LungCellAtlas / HLCA

MIT License
48 stars 5 forks source link

Condition column in the meta.data #3

Closed pallavisurana1 closed 1 year ago

pallavisurana1 commented 1 year ago

Hi , I am a little unclear as to what 'nan' means in the Condition column of meta.data in the integrated HLCA dataset. Cells set to "nan" come from donors without lung condition. Does this mean they are not healthy or healthy?

If I want only the healthy cells I could ignore the "nan" or unknowns right?

LisaSikkema commented 1 year ago

Hi @PallaviSurana1,

Are you looking at the HLCA core or the extended HLCA? This is a column we forgot to clean up but that will be corrected in the updated/cleaned up HLCA which should be online soon!

pallavisurana1 commented 1 year ago

Hi @LisaSikkema

I am looking at the extended HLCA. So should I consider only healthy if I want healthy lung tissues and remove "nan" right?

LisaSikkema commented 1 year ago

To be sure, yes. I think they might all be healthy but not sure.

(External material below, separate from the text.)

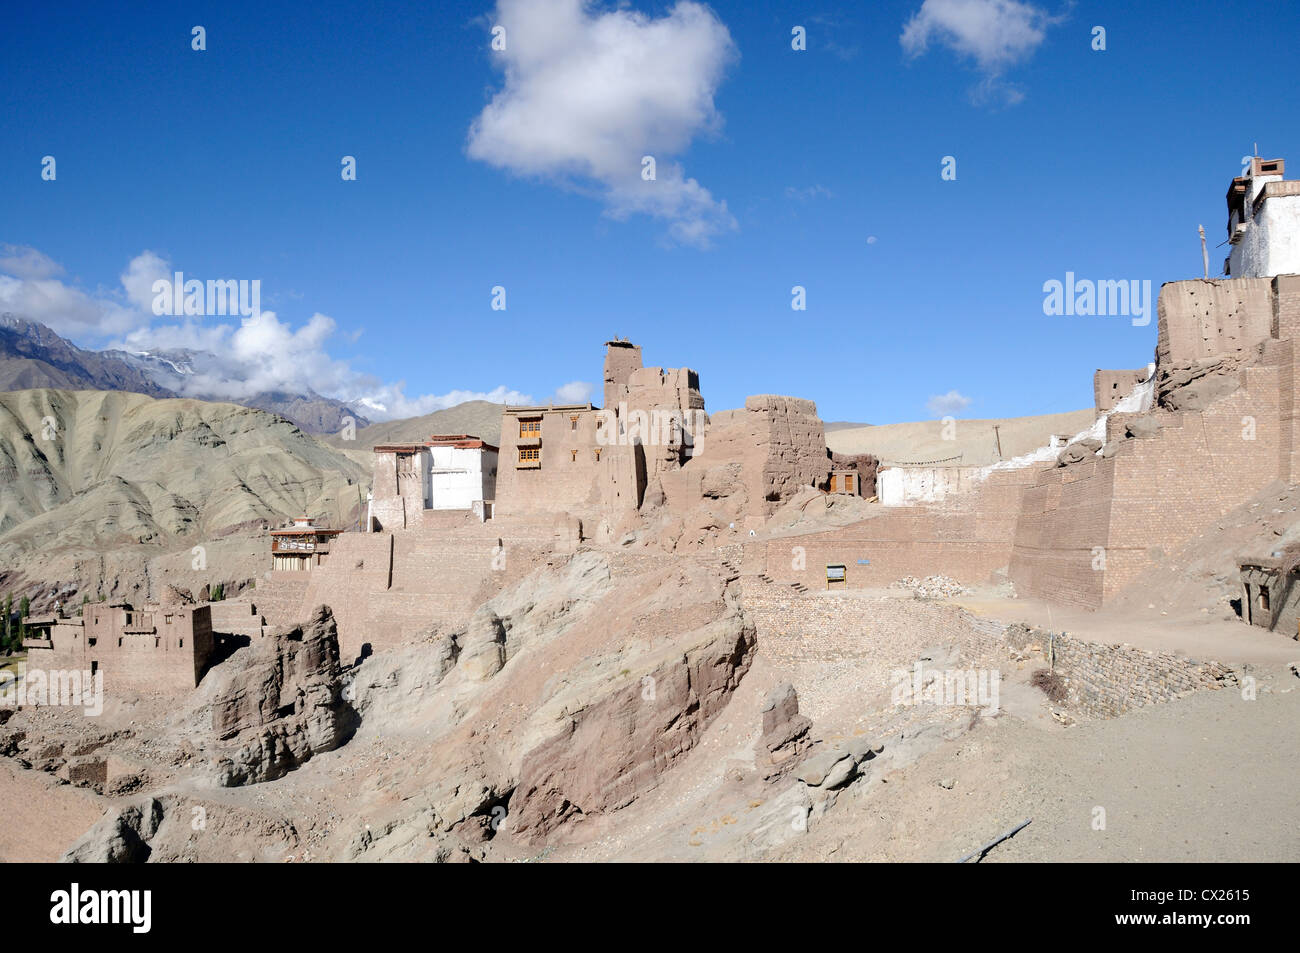 The ruined sixteenth century royal palace and fortress at Basgo with the white Chamba Lhakhang temple. Basgo, Ladakh, India Stock Photo

LisaSikkema commented 1 year ago

If you tell me which datasets they come from I can tell you if they're healthy or not :)

pallavisurana1 commented 1 year ago

This is for the condition = "nan" I am interested in

study Number of cells
Banovich_Kropski_2020 96516
Barbry_Leroy_2020 23988
Jain_Misharin_2021 0
Krasnow_2020 0
Lafyatis_Rojas_2019 10708
Meyer_2019 21602
Misharin_2021 27414
Misharin_Budinger_2018 26912
Nawijn_2021 0
Seibold_2020 28364
Teichmann_Meyer_2019 11667
LisaSikkema commented 1 year ago

So in Supplementary Table 1 from the bioRxiv you can see which datasets contained which kind of lung conditions https://www.biorxiv.org/content/10.1101/2022.03.10.483747v1.supplementary-material

Banovich_Kropski and Misharin_Budinger contain both healthy and disease (the disease samples might be correctly annotated, you can check). The others are healthy (in the case of Krasnow from tumor-adjacent "healthy" tissue)

pallavisurana1 commented 1 year ago

Thanks. I will remove those studies and analyze them.